Acerca de este punto, la ONU se refirió al asesinato de Alexander Parra Uribe, conocido como “Rodolfo Fierro”, un líder del antiguo espacio territorial de capacitación y reincorporación de La Guajira, en el municipio de Mesetas (Meta): “Su esposa, también excombatiente, era candidata del partido FARC en las elecciones locales, y el homicidio se produjo dos días antes del día de las elecciones. Este asesinato fue el primero ocurrido dentro del anillo de protección de uno de los antiguos espacios territoriales de capacitación y reincorporación y, por lo tanto, agravó la percepción de inseguridad de los exmiembros de las FARC-EP”.

Pero también hay un llamado de alerta sobre las comunidades. Para António Guterres, secretario general, la seguridad de los líderes sociales y defensores de los derechos humanos, así como de los excombatientes, está intrínsecamente vinculada a la seguridad de sus comunidades, afectadas hoy por grupos armados ilegales y organizaciones criminales donde es limitada la presencia del Estado. Por eso aseguró que está “alarmado por las consecuencias, especialmente para las comunidades étnicas, de los combates entre grupos armados ilegales en el corredor de tráfico ilícito que se extiende desde la región del Bajo Cauca, en el departamento de Antioquia, hasta el departamento del Chocó, así como la incesante violencia en el departamento del Cauca”.

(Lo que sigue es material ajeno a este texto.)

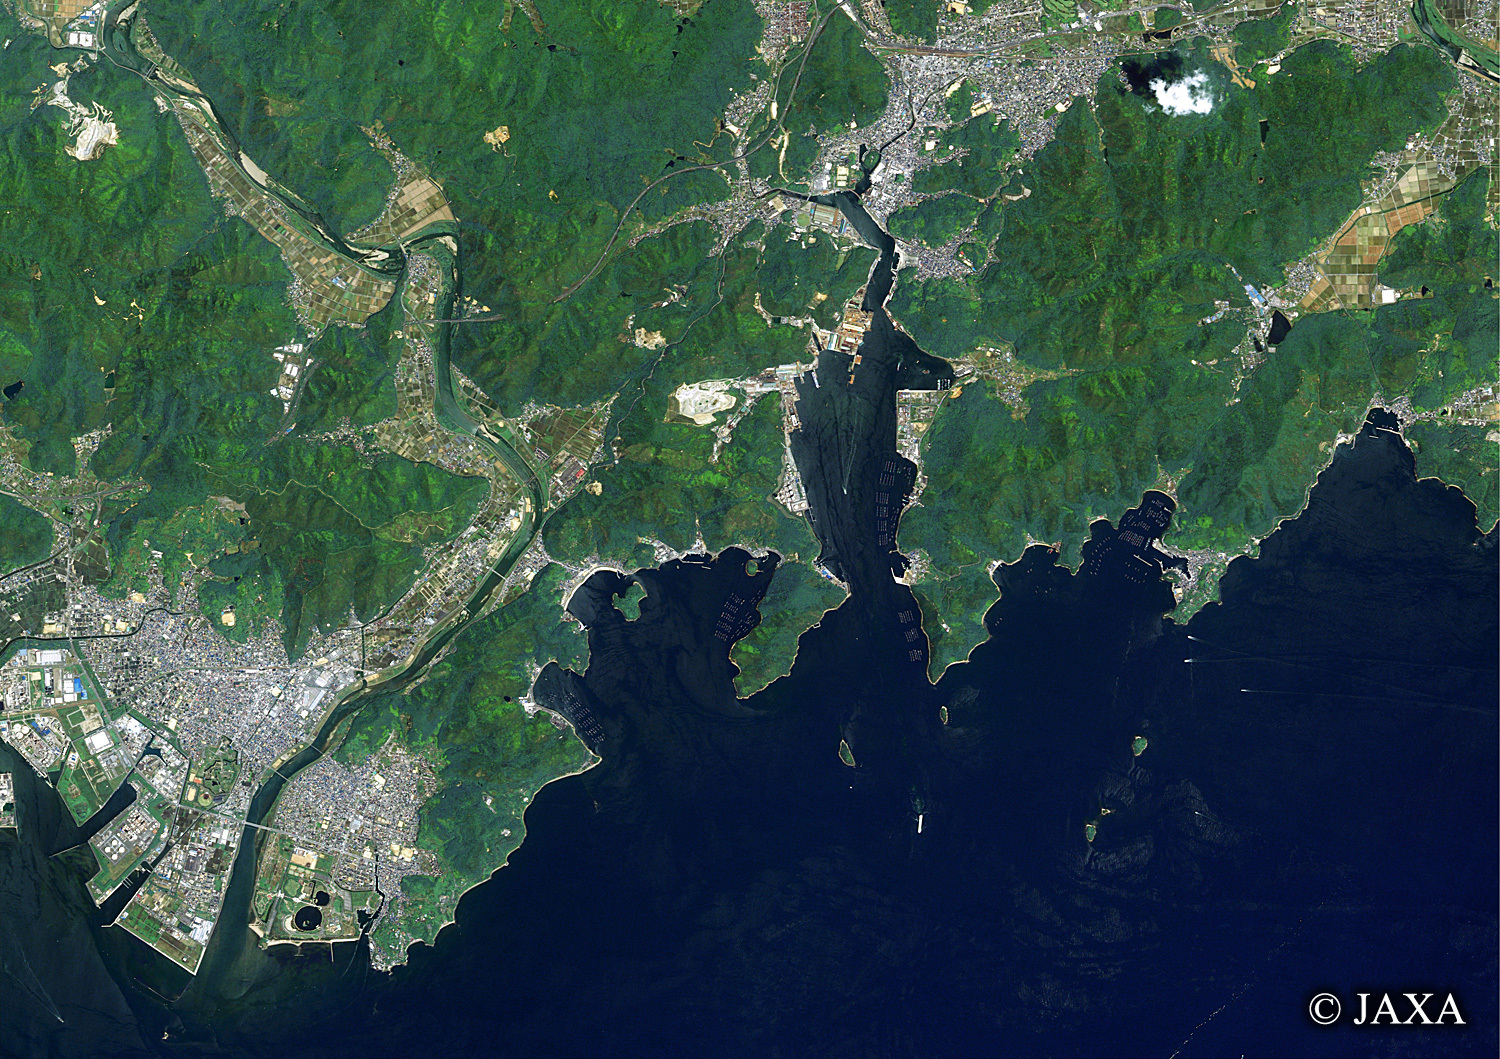 だいちから見た日本の都市 相生市周辺辺:衛星画像
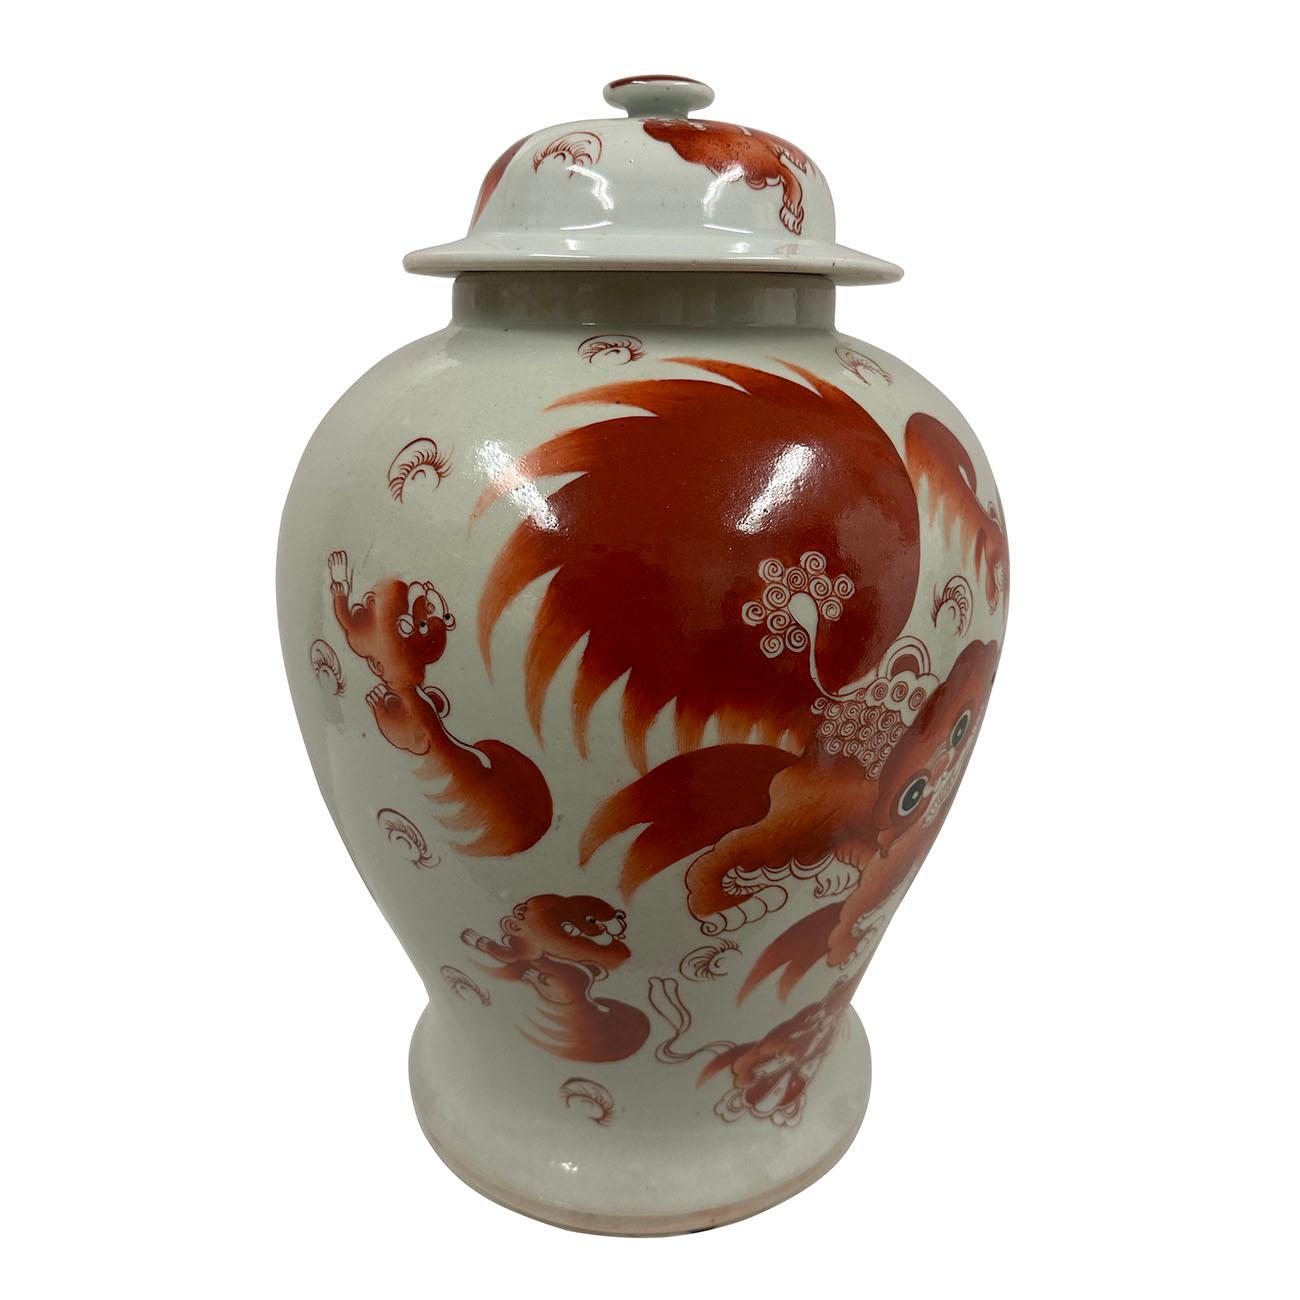 Ce magnifique pot à gingembre ancien en porcelaine de la famille rose chinoise a été réalisé et peint à la main à partir de la célèbre porcelaine de la famille rose chinoise. Le pot et le couvercle sont ornés de magnifiques chiens foo peints à la

La ONU pidió ayuda urgente sobre Chocó. “El deterioro de la situación en el departamento del Chocó es motivo de alarma. El Chocó es uno de los departamentos más pobres de Colombia y un corredor estratégico para las economías y el tráfico ilícitos. A principios de diciembre, la Defensoría del Pueblo confirmó el desplazamiento de 3.200 miembros de 17 comunidades étnicas del municipio de Alto Baudó y el confinamiento de ocho comunidades afrocolombianas e indígenas debido a los enfrentamientos entre grupos armados ilegales, incluidos el ELN y las Autodefensas Gaitanistas de Colombia”, reza el documento.

Para cesar la violencia, Guterres sugirió la implementación de una política pública para el desmantelamiento de los grupos armados ilegales y organizaciones criminales y sus redes de apoyo, como se estipula en el Acuerdo de Paz. “Aliento al Gobierno a que vuelva a convocar a la Comisión Nacional de Garantías de Seguridad para avanzar en la finalización e implementación de esta política", agregó el secretario general.

Otra de las cavilaciones reportadas en el documento es la tensión actual que hay entre el Gobierno y el partido Farc. Para miembros del partido político hoy está en el poder (Centro Democrático), Farc no ha cumplido algunas de las obligaciones que contrajo, como entregar todos sus activos, que se han de utilizar para ofrecer reparación a las víctimas; divulgar la ubicación de las minas y los campos de minas, y contribuir plenamente a la verdad. Sin embargo, los excombatientes se defendieron argumentando que sí lo han hecho, a diferencia de del Gobierno que, según ellos, no ha velado por su seguridad ni respetado la arquitectura de la implementación.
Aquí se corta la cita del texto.